* [Task to complete]
Leave out every line that comes before the one containing "HP Elite USB-C Docking Station User Guide", and reproduce the rest of the listing below exactly, through its last line.

(Material provided Opens)

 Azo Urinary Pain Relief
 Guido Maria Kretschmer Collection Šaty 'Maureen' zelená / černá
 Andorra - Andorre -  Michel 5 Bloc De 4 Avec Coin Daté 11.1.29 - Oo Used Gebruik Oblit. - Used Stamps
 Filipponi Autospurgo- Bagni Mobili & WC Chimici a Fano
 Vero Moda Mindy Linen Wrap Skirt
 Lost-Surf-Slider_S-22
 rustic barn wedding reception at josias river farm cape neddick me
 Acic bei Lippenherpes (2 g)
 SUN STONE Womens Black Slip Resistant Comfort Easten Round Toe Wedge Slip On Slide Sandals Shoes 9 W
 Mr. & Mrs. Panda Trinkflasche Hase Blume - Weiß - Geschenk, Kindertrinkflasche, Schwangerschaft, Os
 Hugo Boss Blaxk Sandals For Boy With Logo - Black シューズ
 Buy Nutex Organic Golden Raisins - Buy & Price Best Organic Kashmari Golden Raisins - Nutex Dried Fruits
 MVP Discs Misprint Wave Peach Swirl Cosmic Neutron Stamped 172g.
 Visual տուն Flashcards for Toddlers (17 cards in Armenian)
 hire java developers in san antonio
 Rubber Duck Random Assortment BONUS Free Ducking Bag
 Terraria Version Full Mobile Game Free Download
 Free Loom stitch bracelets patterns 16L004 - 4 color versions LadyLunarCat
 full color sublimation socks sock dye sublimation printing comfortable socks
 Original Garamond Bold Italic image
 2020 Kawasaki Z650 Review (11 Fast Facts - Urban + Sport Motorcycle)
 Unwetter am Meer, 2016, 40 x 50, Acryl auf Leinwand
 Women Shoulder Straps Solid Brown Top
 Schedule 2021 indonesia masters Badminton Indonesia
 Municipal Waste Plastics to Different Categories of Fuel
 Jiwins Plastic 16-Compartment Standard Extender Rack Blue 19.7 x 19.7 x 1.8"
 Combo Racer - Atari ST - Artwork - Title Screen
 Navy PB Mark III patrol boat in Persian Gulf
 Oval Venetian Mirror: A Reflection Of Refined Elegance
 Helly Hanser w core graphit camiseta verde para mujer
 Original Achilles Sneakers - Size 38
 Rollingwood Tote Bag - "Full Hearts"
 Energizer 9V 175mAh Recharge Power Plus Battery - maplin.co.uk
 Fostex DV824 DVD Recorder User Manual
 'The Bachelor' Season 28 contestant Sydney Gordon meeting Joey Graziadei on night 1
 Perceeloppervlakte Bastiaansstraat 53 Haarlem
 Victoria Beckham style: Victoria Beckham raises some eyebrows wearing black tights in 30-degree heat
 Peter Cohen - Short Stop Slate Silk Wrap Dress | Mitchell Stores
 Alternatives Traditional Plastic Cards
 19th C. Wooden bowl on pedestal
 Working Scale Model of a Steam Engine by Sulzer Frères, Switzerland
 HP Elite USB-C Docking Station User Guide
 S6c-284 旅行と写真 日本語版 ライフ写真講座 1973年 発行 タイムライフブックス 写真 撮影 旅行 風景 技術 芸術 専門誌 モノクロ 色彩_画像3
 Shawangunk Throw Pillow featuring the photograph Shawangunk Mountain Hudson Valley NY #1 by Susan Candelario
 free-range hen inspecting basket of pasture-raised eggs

(Material provided Closes)

* [Reply to the task]
 HP Elite USB-C Docking Station User Guide
 S6c-284 旅行と写真 日本語版 ライフ写真講座 1973年 発行 タイムライフブックス 写真 撮影 旅行 風景 技術 芸術 専門誌 モノクロ 色彩_画像3
 Shawangunk Throw Pillow featuring the photograph Shawangunk Mountain Hudson Valley NY #1 by Susan Candelario
 free-range hen inspecting basket of pasture-raised eggs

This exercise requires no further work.